***** GIVEN DATA *****

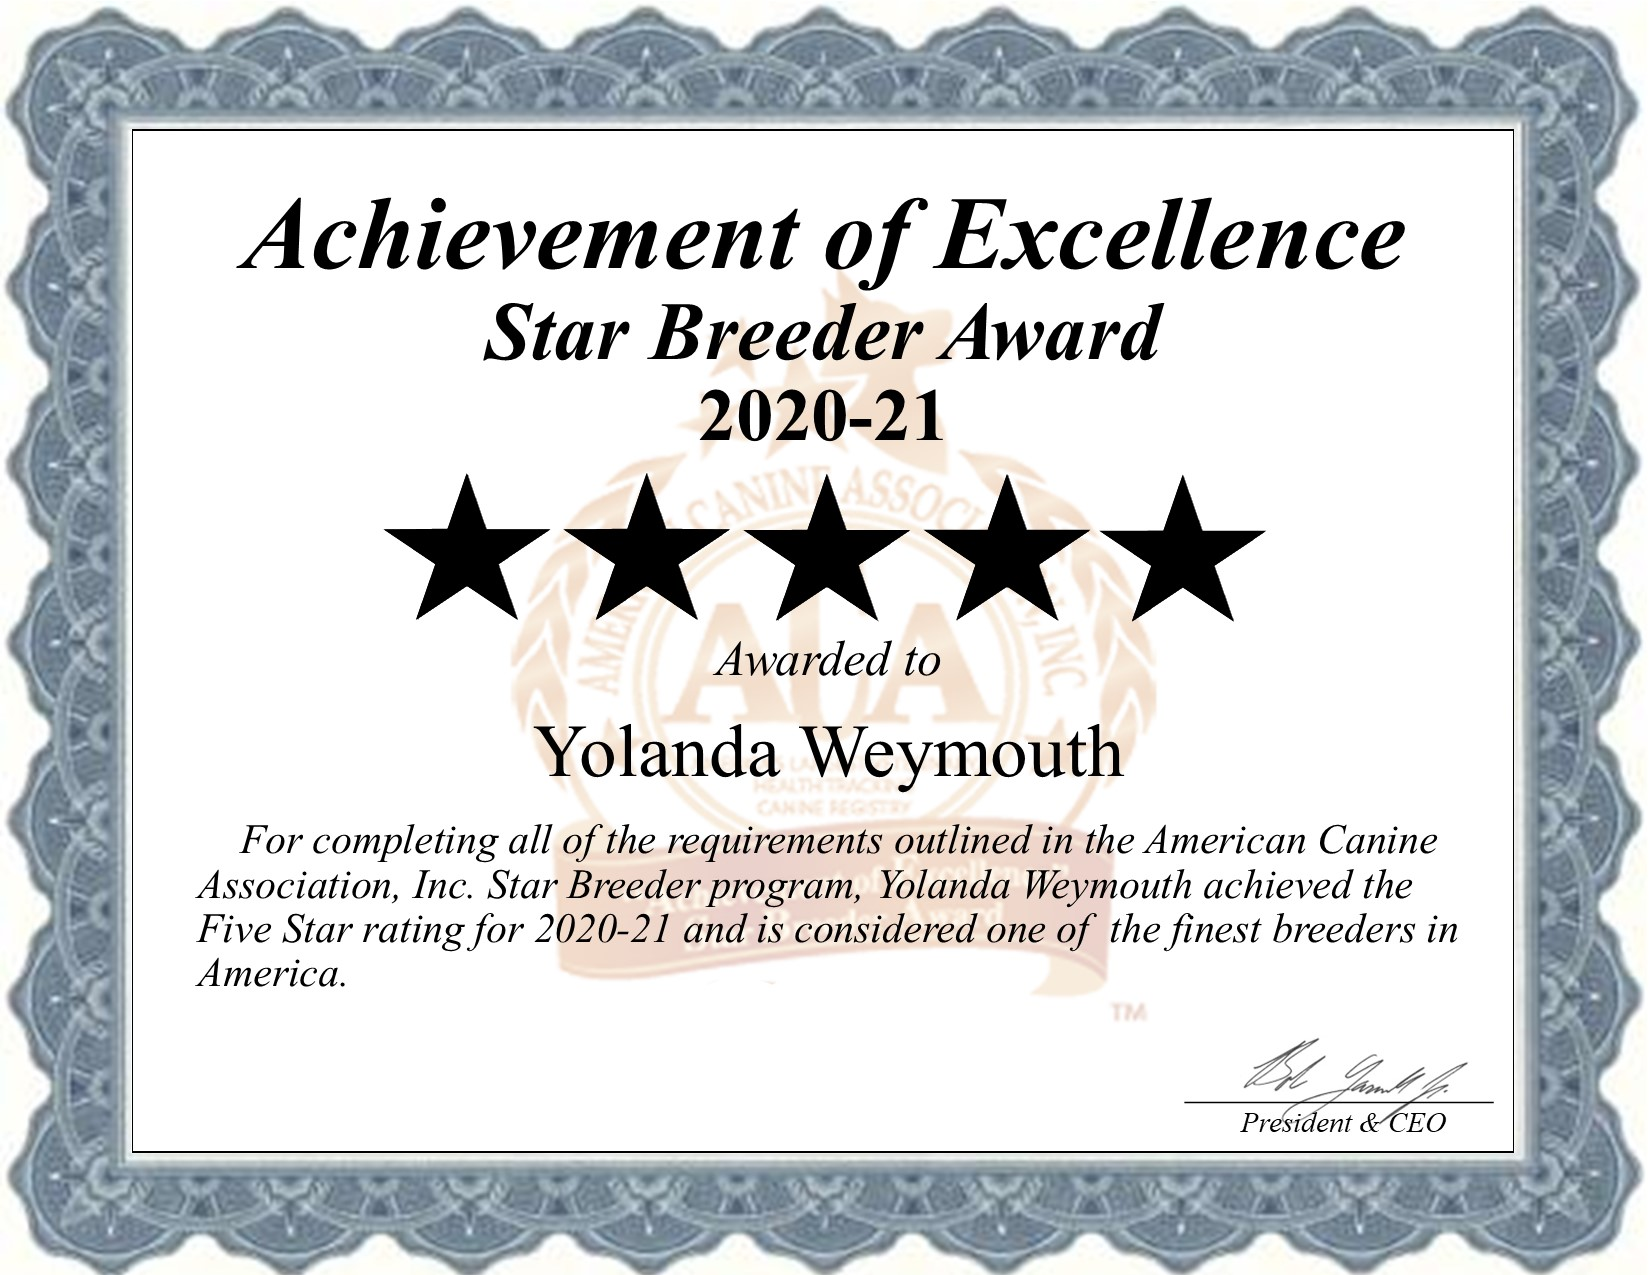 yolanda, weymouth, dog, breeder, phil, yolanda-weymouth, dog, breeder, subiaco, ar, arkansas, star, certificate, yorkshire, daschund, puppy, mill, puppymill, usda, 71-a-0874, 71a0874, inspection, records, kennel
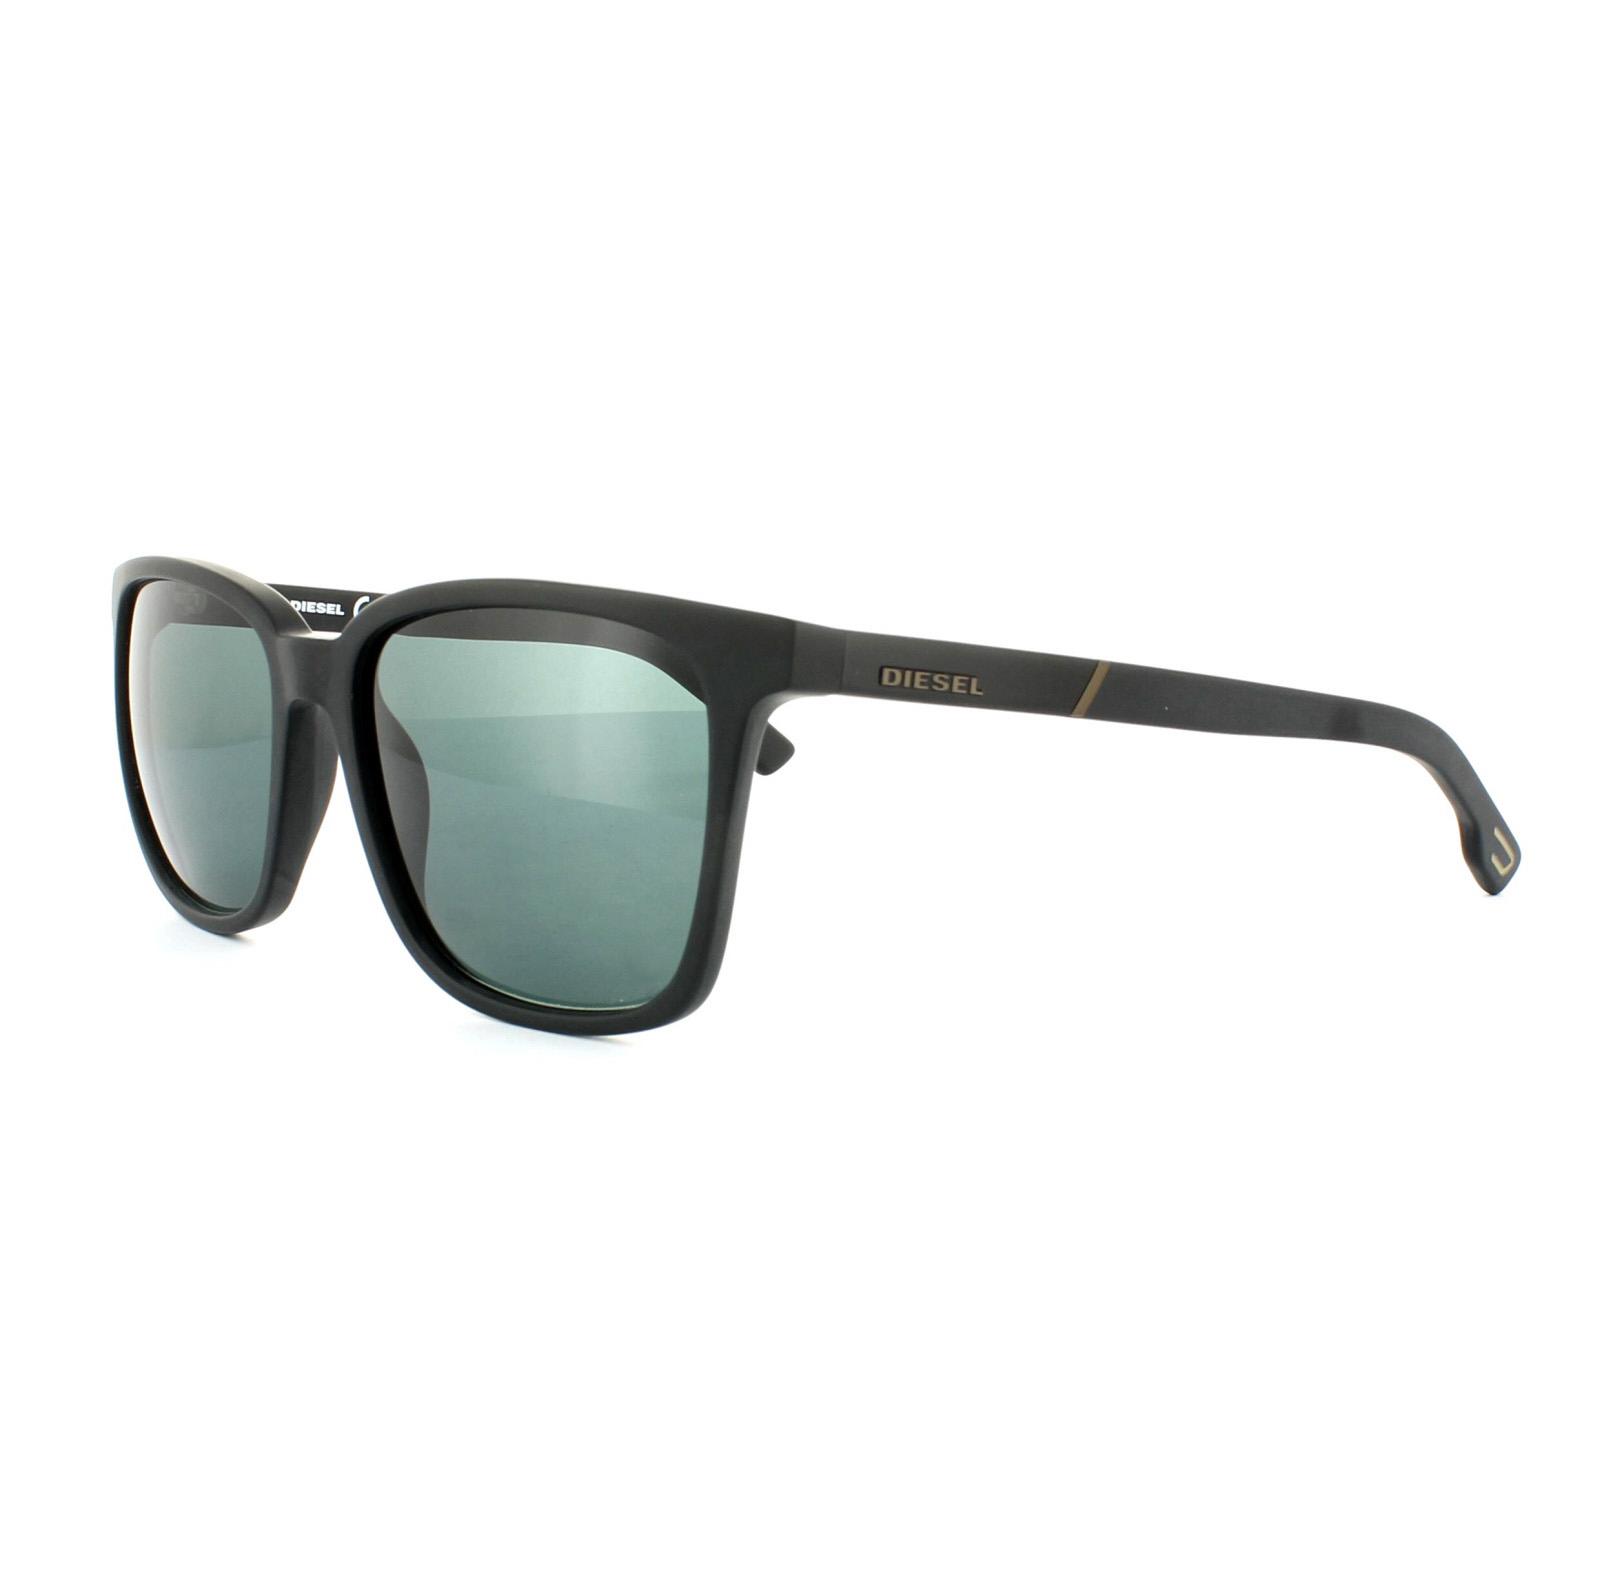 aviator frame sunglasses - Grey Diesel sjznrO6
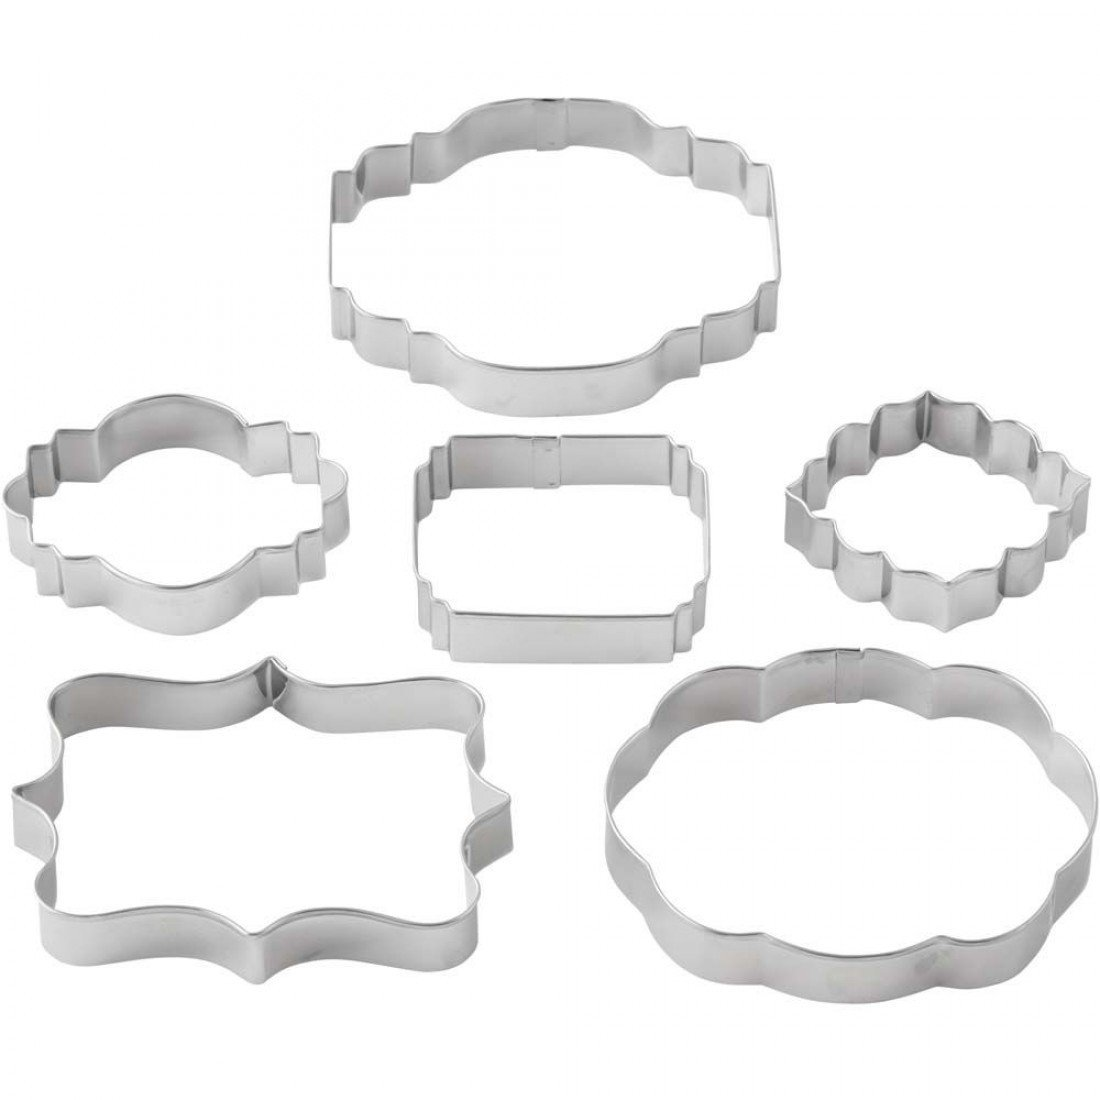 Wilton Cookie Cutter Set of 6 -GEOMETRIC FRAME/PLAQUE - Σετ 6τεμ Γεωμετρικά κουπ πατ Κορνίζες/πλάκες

*****

### PROBLEM
Return each line above exactly; any pictures are to be skipped.

### ANSWER SECTION
 yolanda, weymouth, dog, breeder, phil, yolanda-weymouth, dog, breeder, subiaco, ar, arkansas, star, certificate, yorkshire, daschund, puppy, mill, puppymill, usda, 71-a-0874, 71a0874, inspection, records, kennel
 aviator frame sunglasses - Grey Diesel sjznrO6
 Wilton Cookie Cutter Set of 6 -GEOMETRIC FRAME/PLAQUE - Σετ 6τεμ Γεωμετρικά κουπ πατ Κορνίζες/πλάκες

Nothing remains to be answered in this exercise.